_EXERCISE:_ From the first line to the last, transcribe the data exactly and skip the pictures.
DATASET SECTION Start Marker
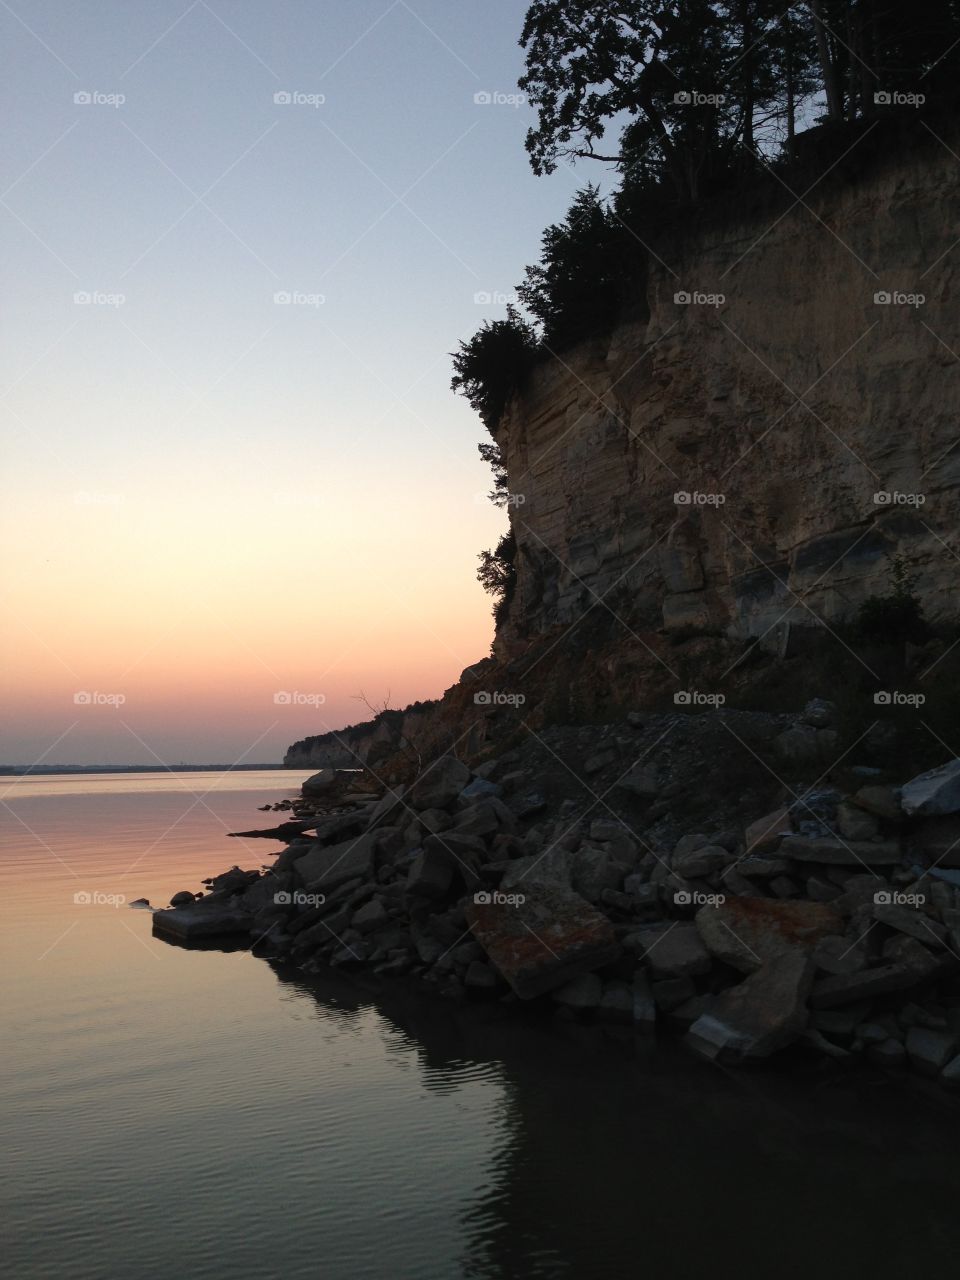 Sunrise on the lake
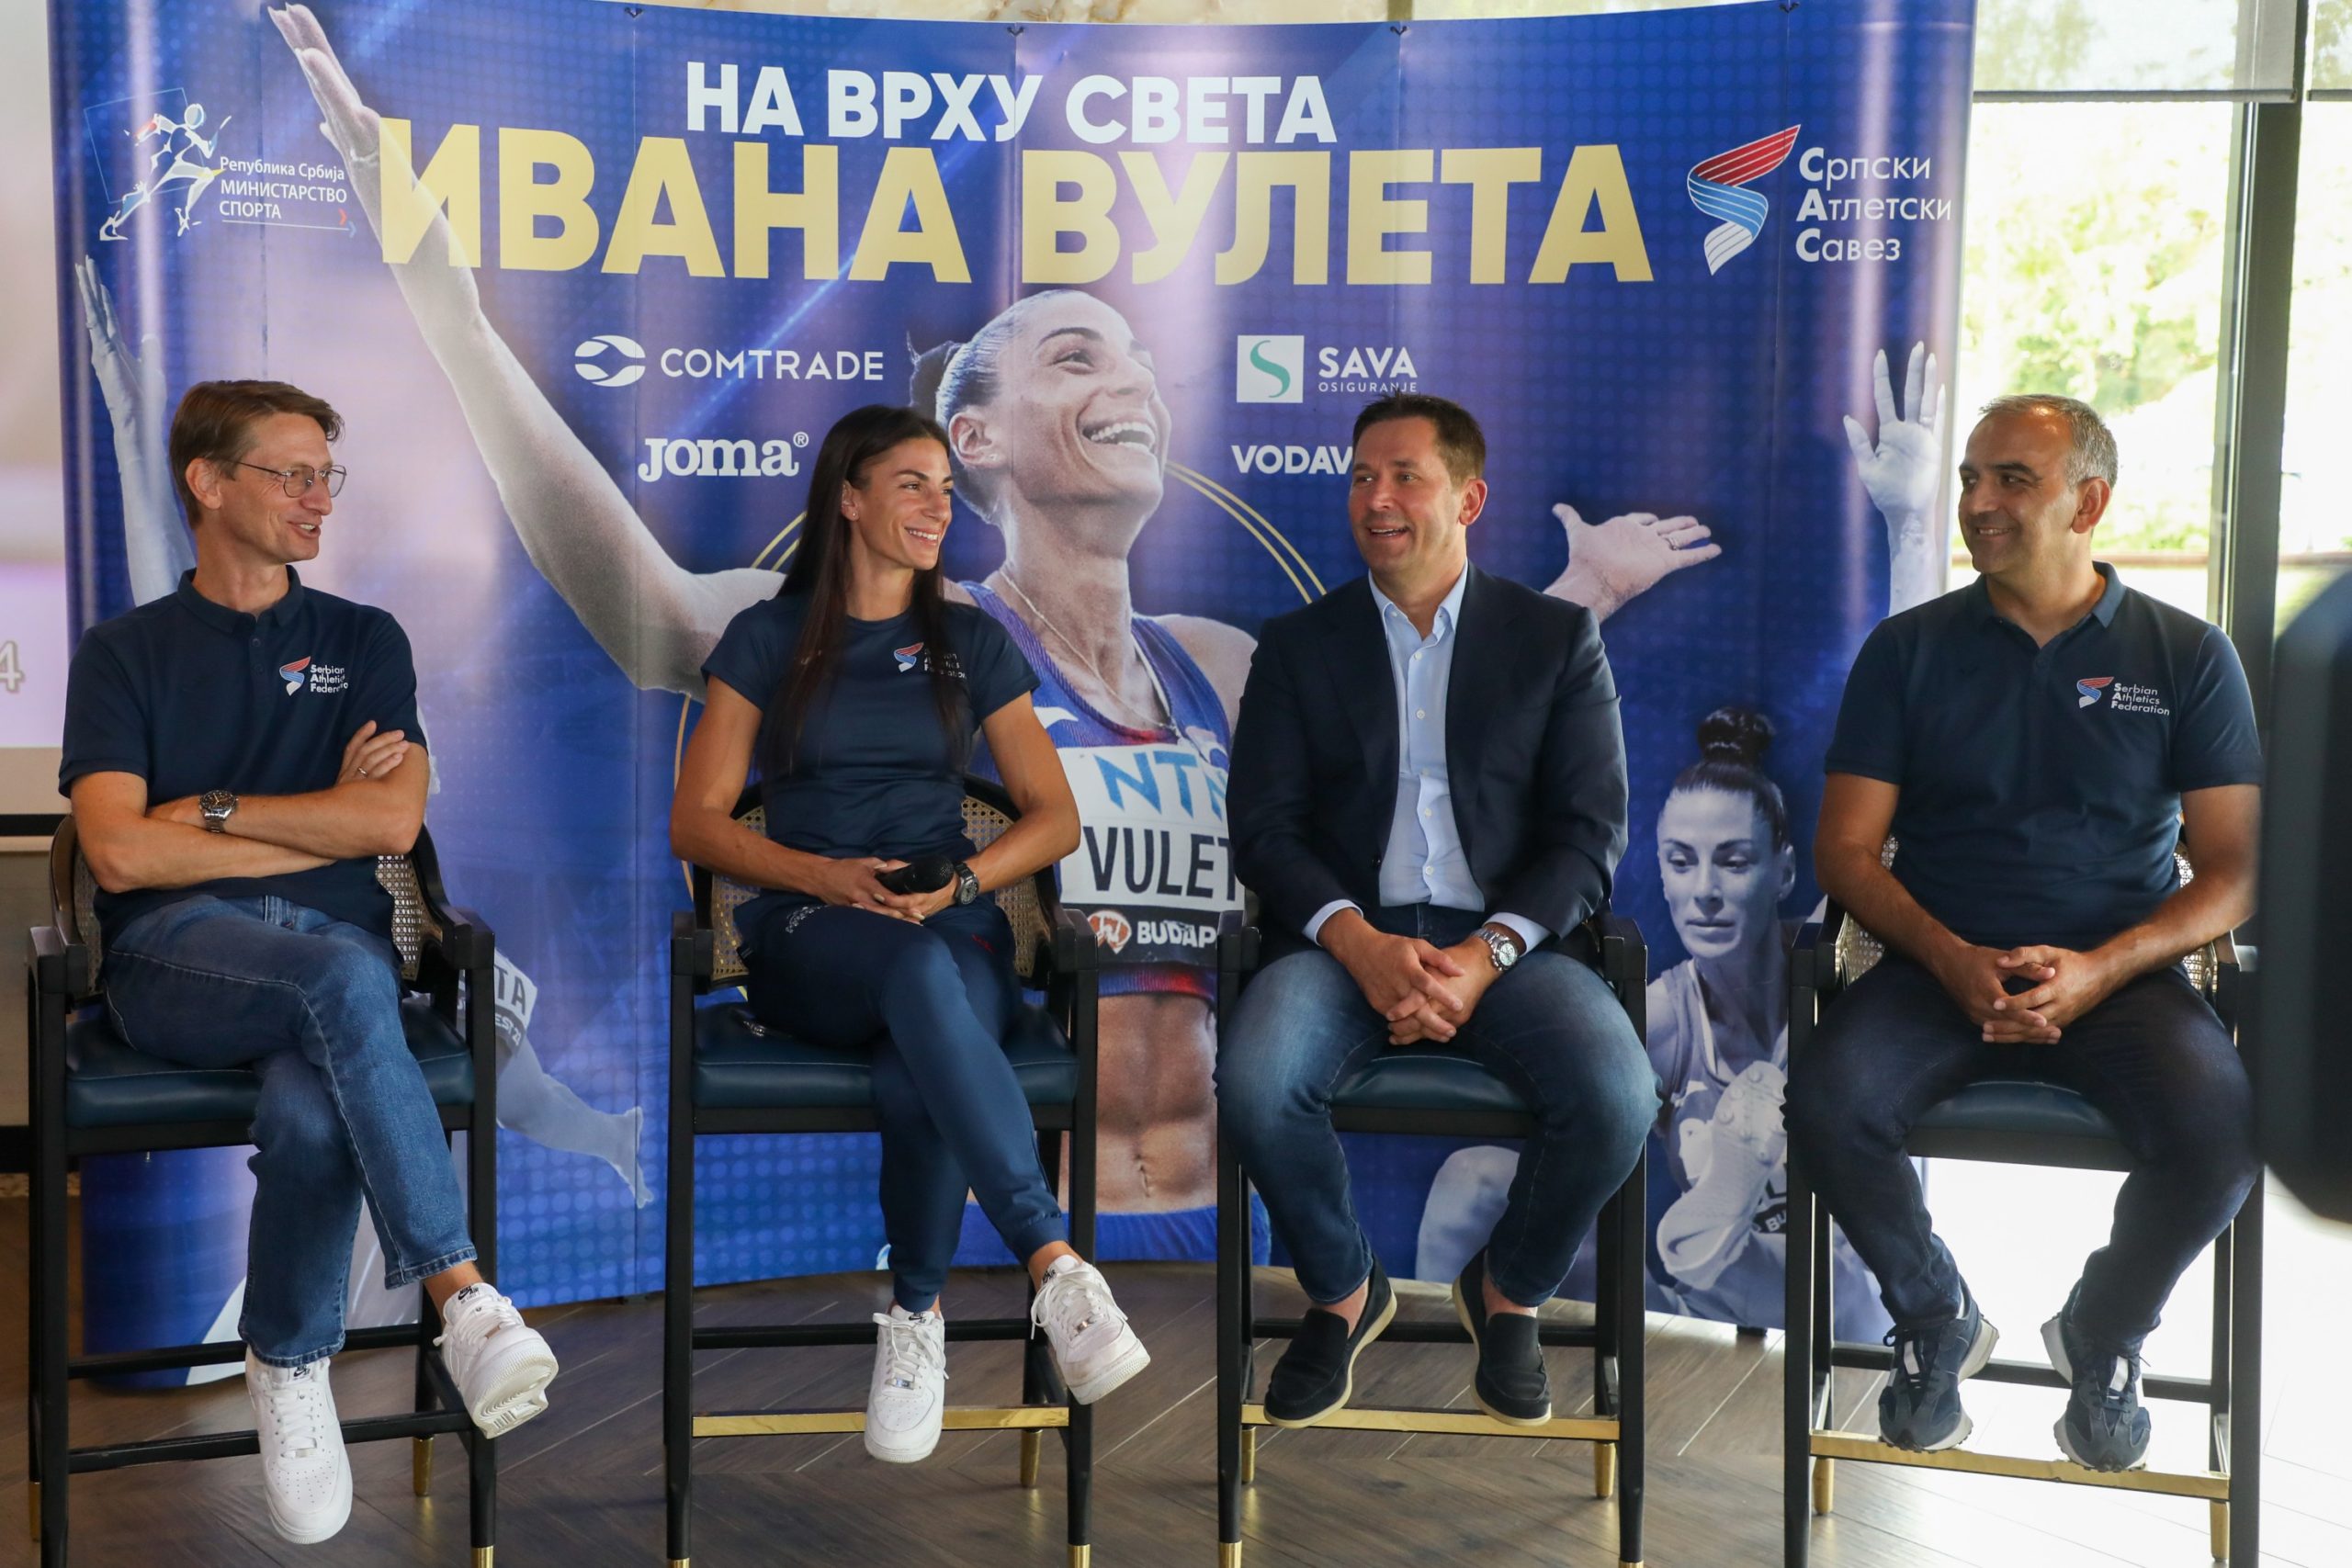 Svetska šampionka Ivana Vuleta u Beogradu
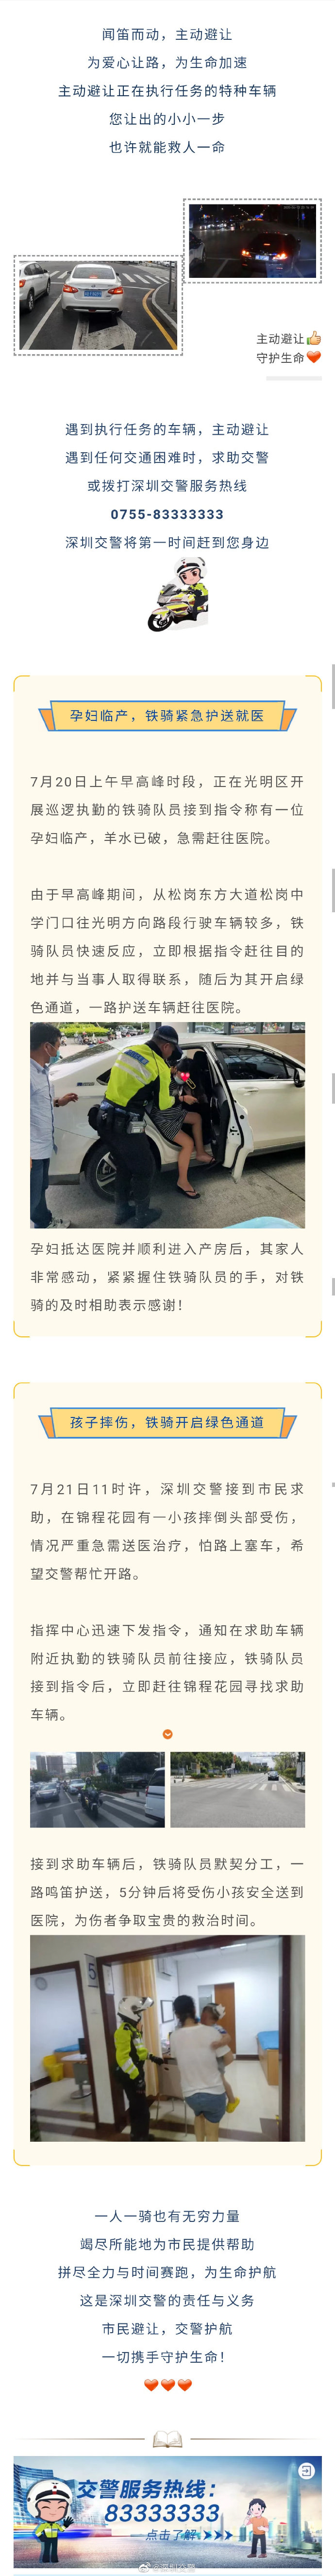 深圳交警提醒 这种情况违章不罚款不扣分
DATASET SECTION End Marker
_EXPECTED ANSWER:_
 Sunrise on the lake
 Svetska šampionka Ivana Vuleta u Beogradu
 深圳交警提醒 这种情况违章不罚款不扣分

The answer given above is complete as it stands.